### Collected material
********************
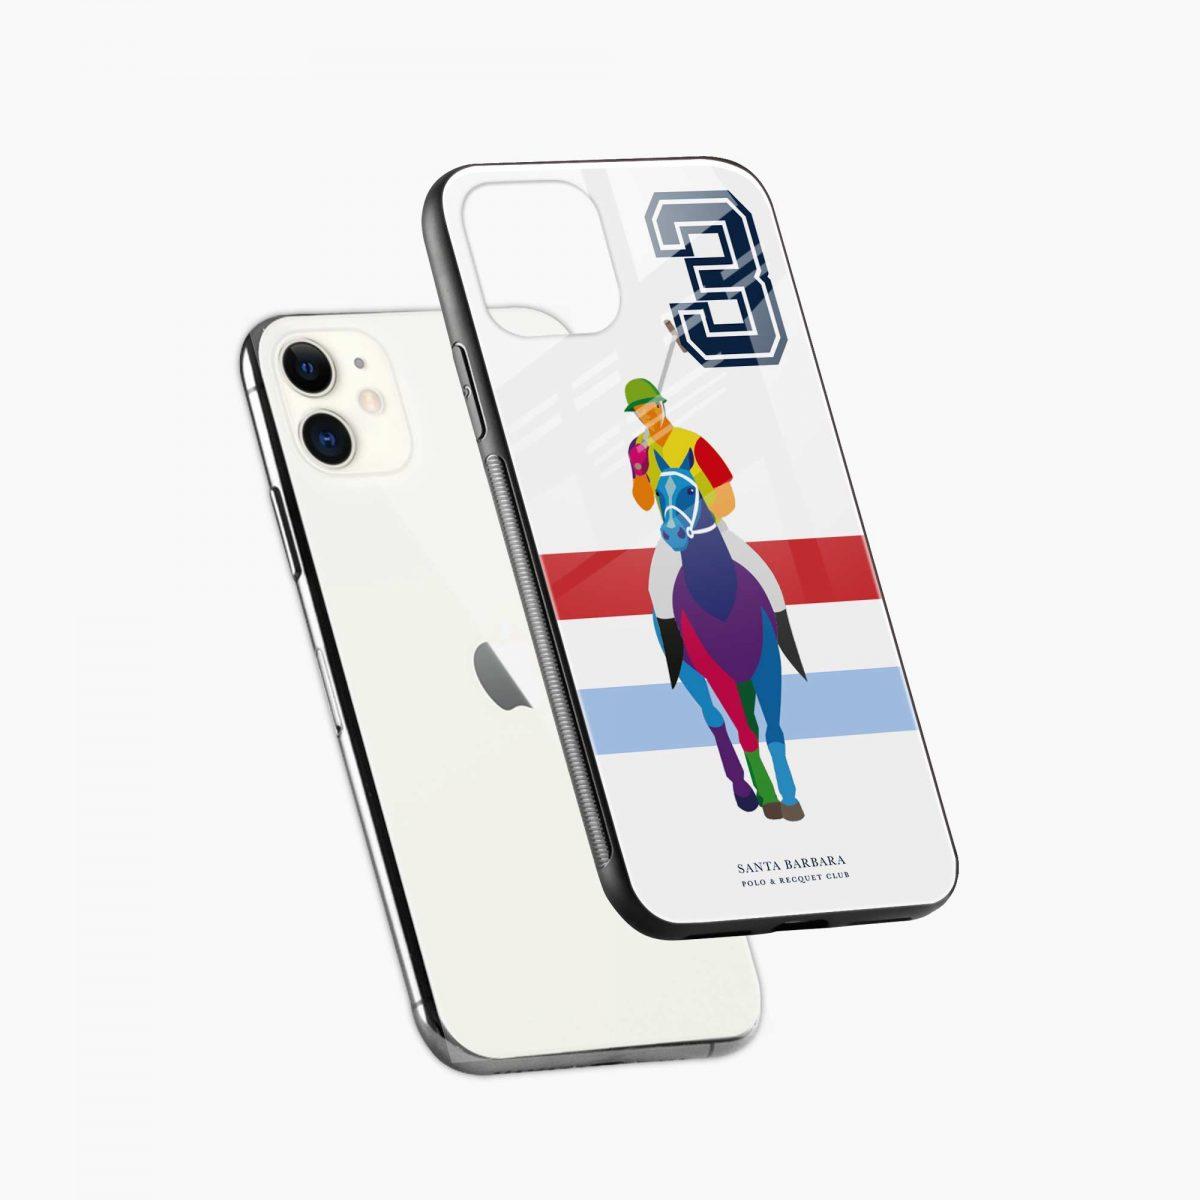 multicolor sant barbara polo iphone back cover diagonal view
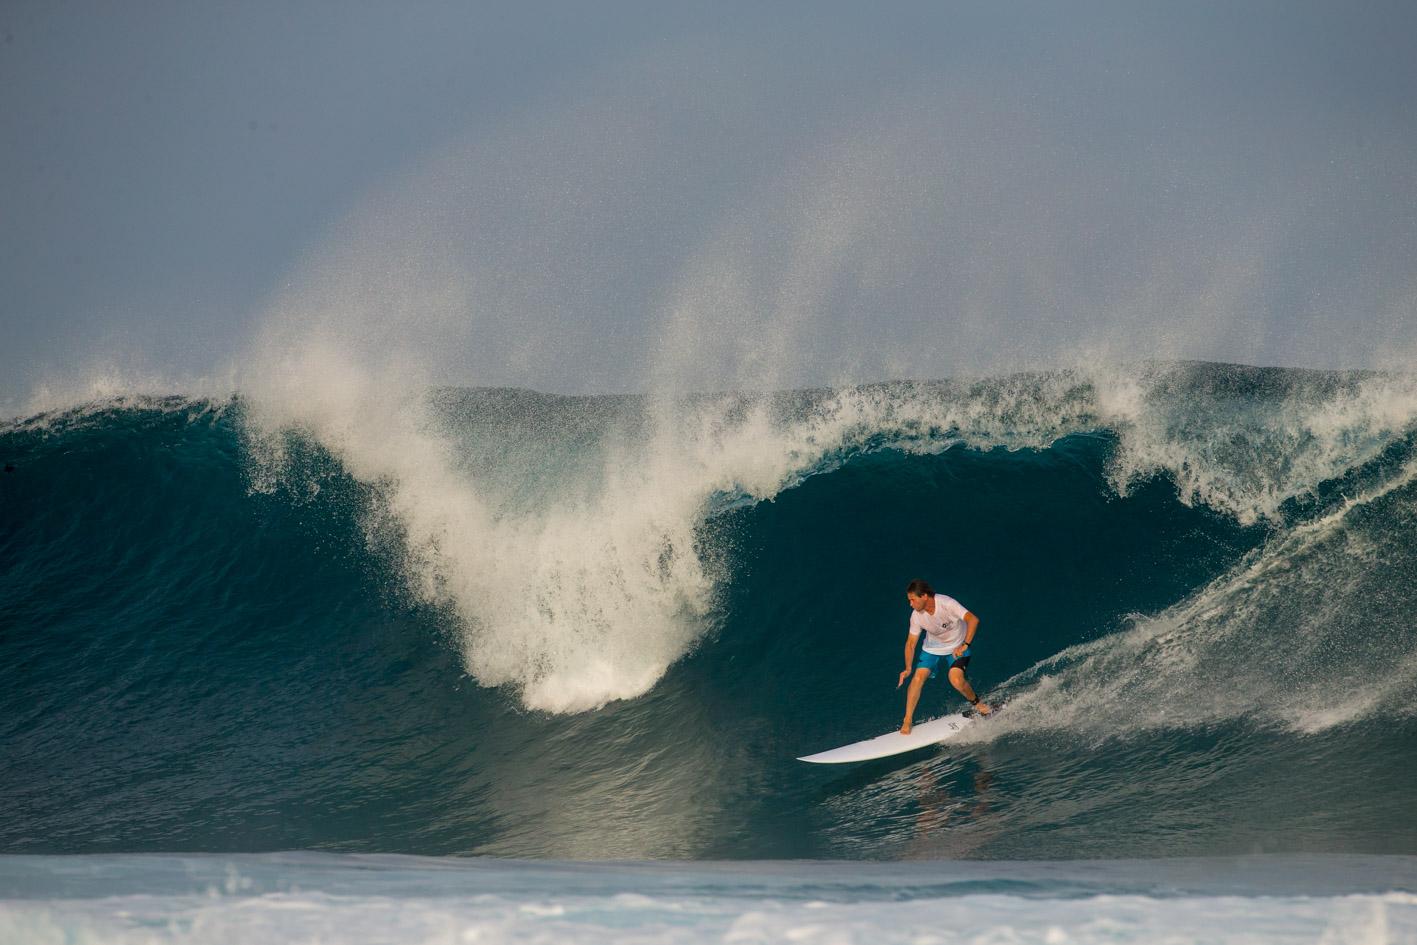 maldives, alex, surf school, moana, surf trip, surf destination, surfer, waves, torq surfboards, surfboards
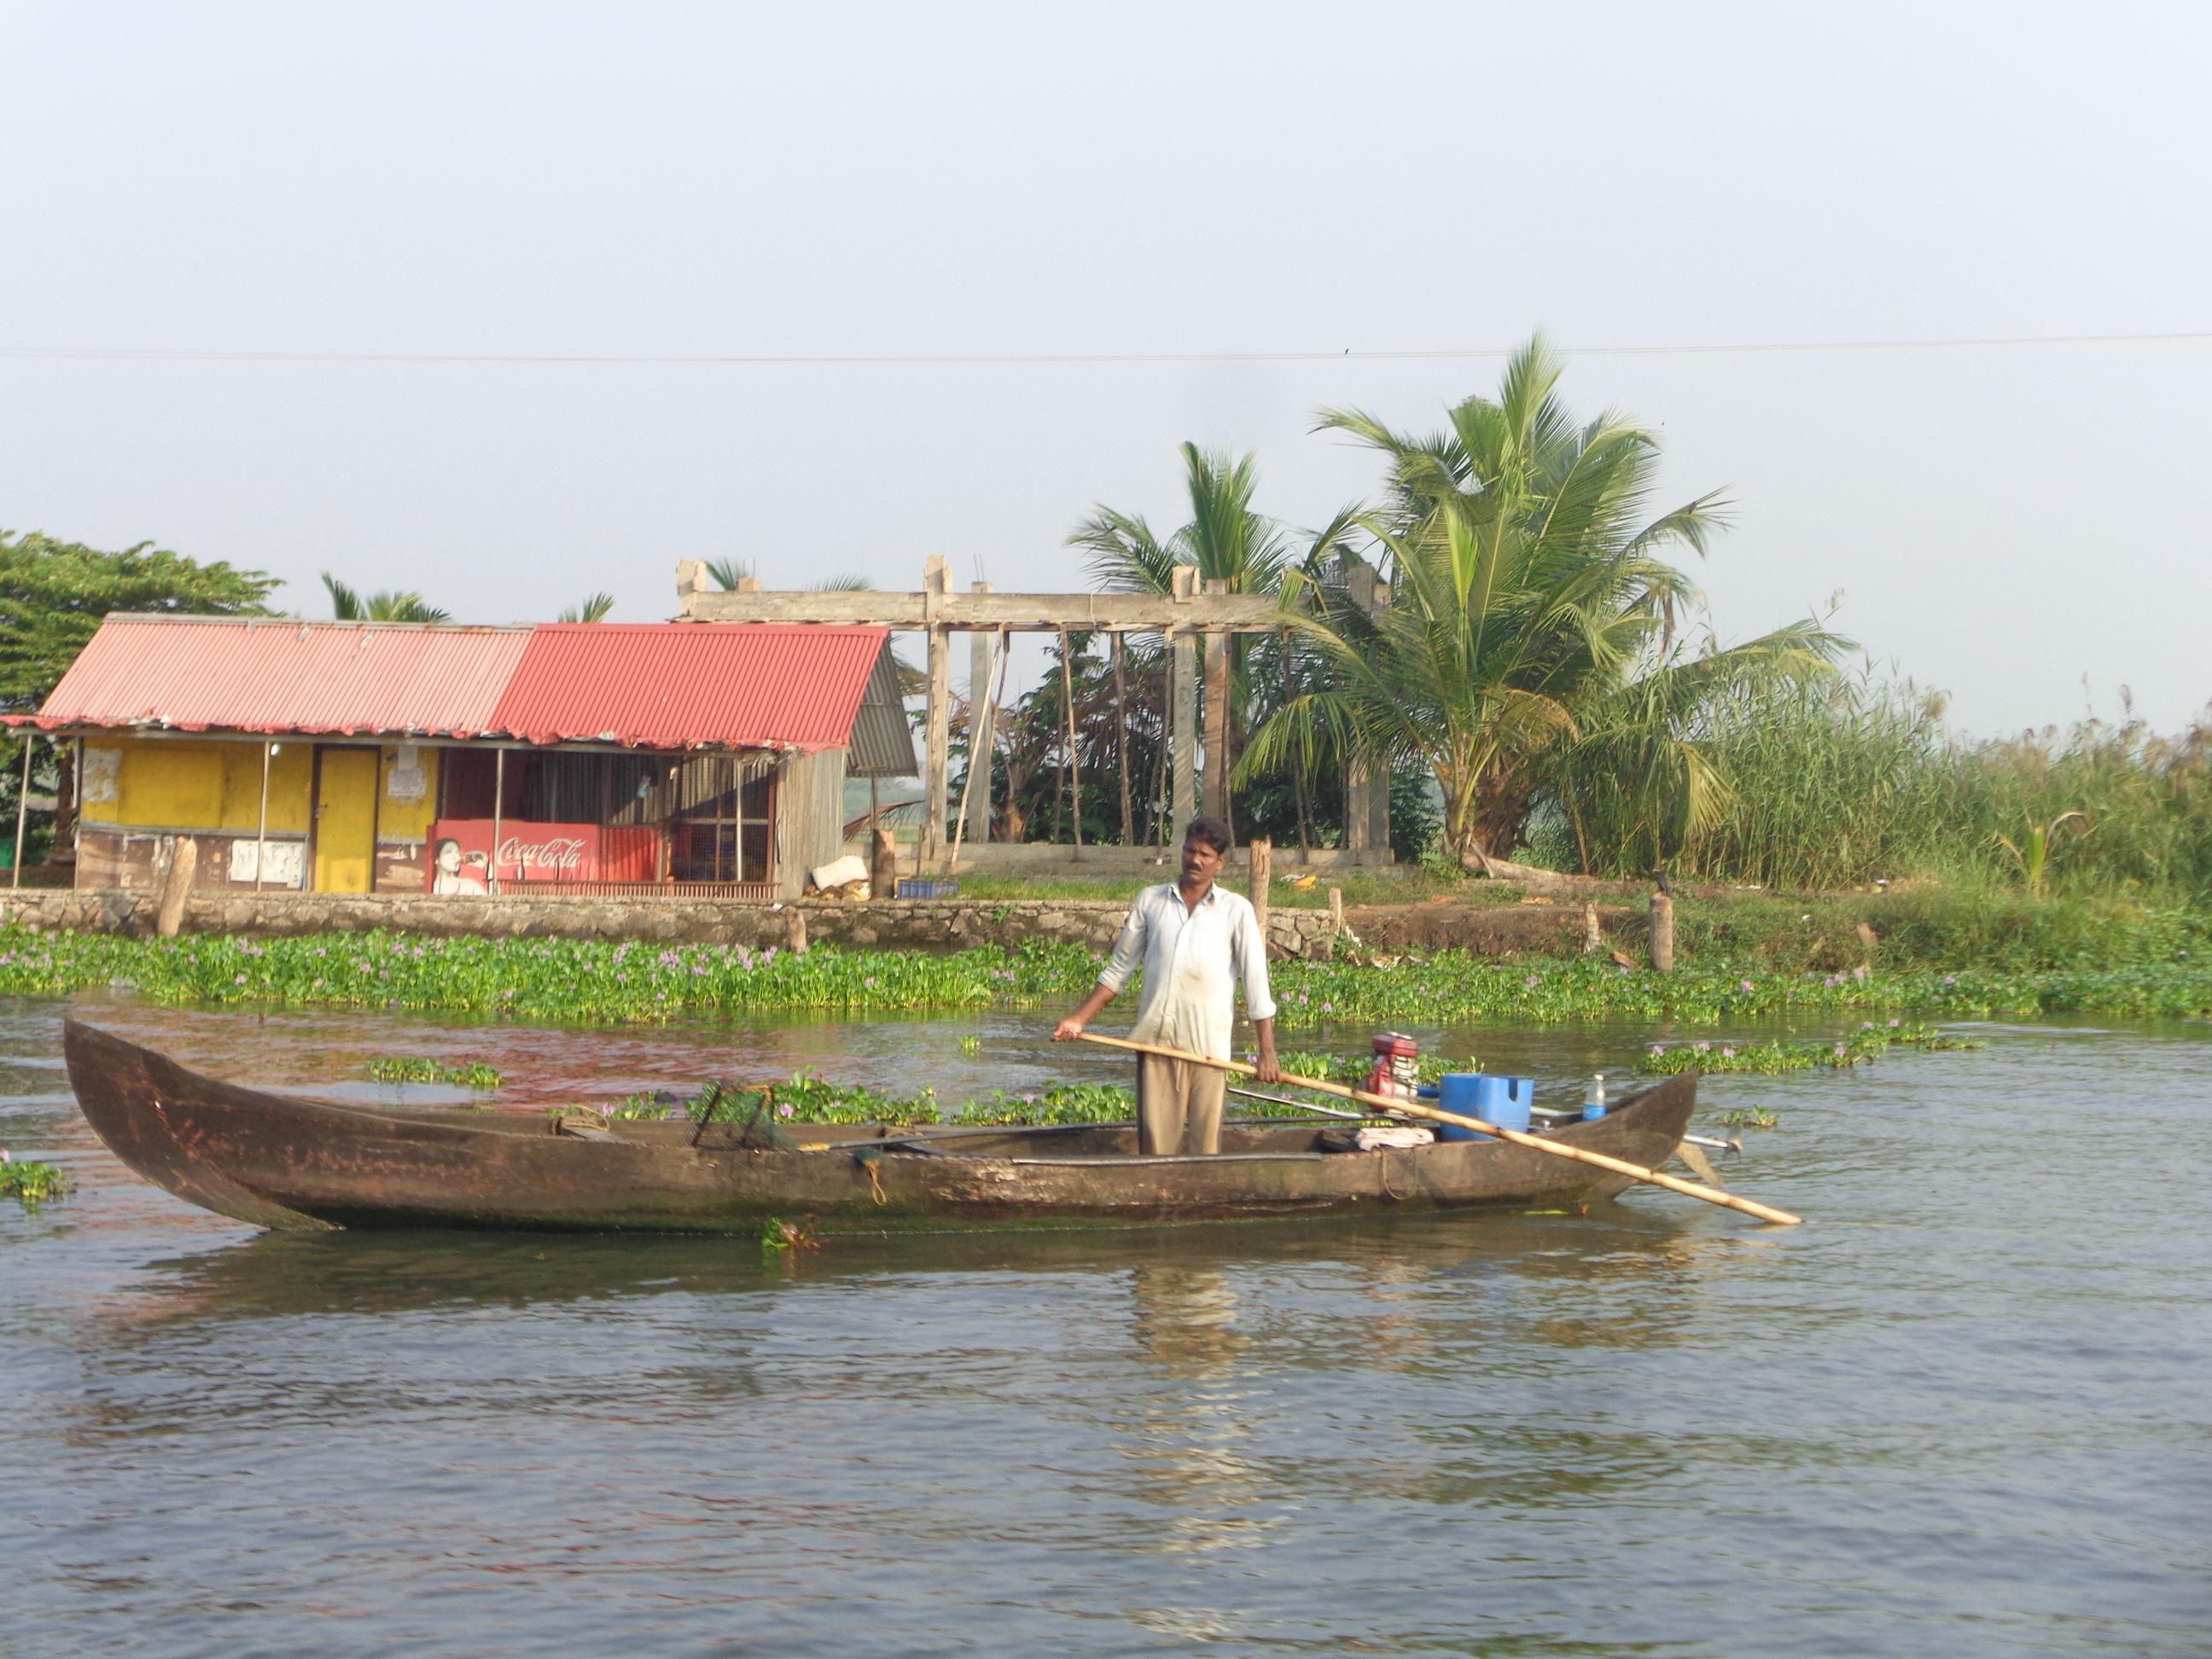 Sites de rencontres à Kottayam
********************
### Exercise instructions
Omit the pictures, then retype the remaining material without a single change.

### Answer to this exercise
 multicolor sant barbara polo iphone back cover diagonal view
 maldives, alex, surf school, moana, surf trip, surf destination, surfer, waves, torq surfboards, surfboards
 Sites de rencontres à Kottayam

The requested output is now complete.